Gold - Silver Ratio (Archive)

First published on 13 Nov 2006

Did you know that the price relationship between Gold and Silver is not fixed? It varies substantially. And it has predictive value too. As in different market environments, the value of Gold is perceived differently than Silver. Gold is perceived as an important crisis commodity. As fear replaces confidence, Gold increases in value relative to Silver. For example risks of economic and political upheaval. When the market risks are low Silver is preferred over Gold, as the white metal has many industrial uses and the consumption of Silver grows in a rising economy.

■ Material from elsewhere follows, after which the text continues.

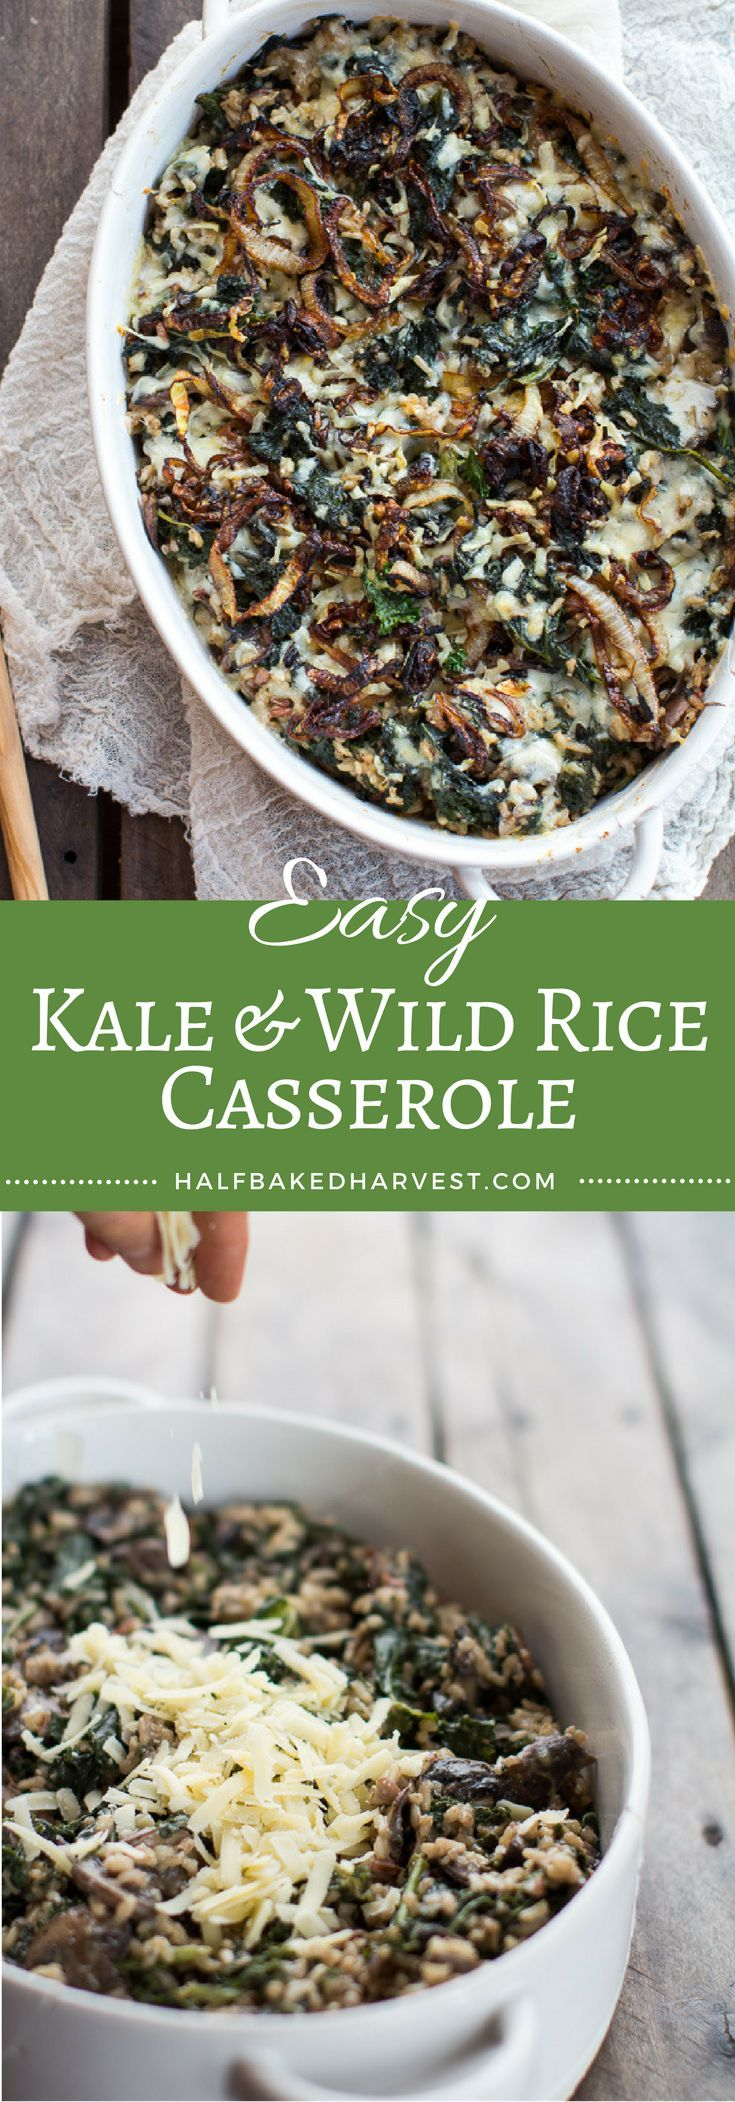 Kale and Wild Rice Casserole | halfbakedharvest.com @Half Baked Harvest

The last time the value for the ratio dipped below 1 was in 1997 and then the South East Asian crisis broke leading to a bounce back in ratio. And since 1984 the ratio has never been below parity. At this stage after 22 years the ratio is headed down below 1 again. Rather it is now ruling at sub 1 level. Now there are two ways to see it, one that we are in for more prosper times that we have not witnessed since 1984. If this is true Gold should continue to fall relatively to silver, or underperform silver. Second way to look at it is that we are once again sitting at the edge of a crisis, which might be just around the corner. At this stage, we have a falling five wave ratio line. This means that there is no fear in the market and hence this maybe not an opportune time to go long on the crisis commodity yet.

Our alternate count on Silver saw the metal moving up to fill the anticipate gap level at 12.6. Our back up count on Gold also saw it touching anticipated levels. However, we still believe that Metals overall continue to move against a price overhang. Above 640 many things change for our Gold count. At this stage we anticipate resistances ahead for Gold, Silver, MCX – Gold Near, HUI – Gold Bugs, NEM Newmont Mining Corp, GFI Gold Fields Limited and XAU – Gold and Silver Index, at 640, 13.2, 9300, 340, 47.4, 18 and 144 respectively.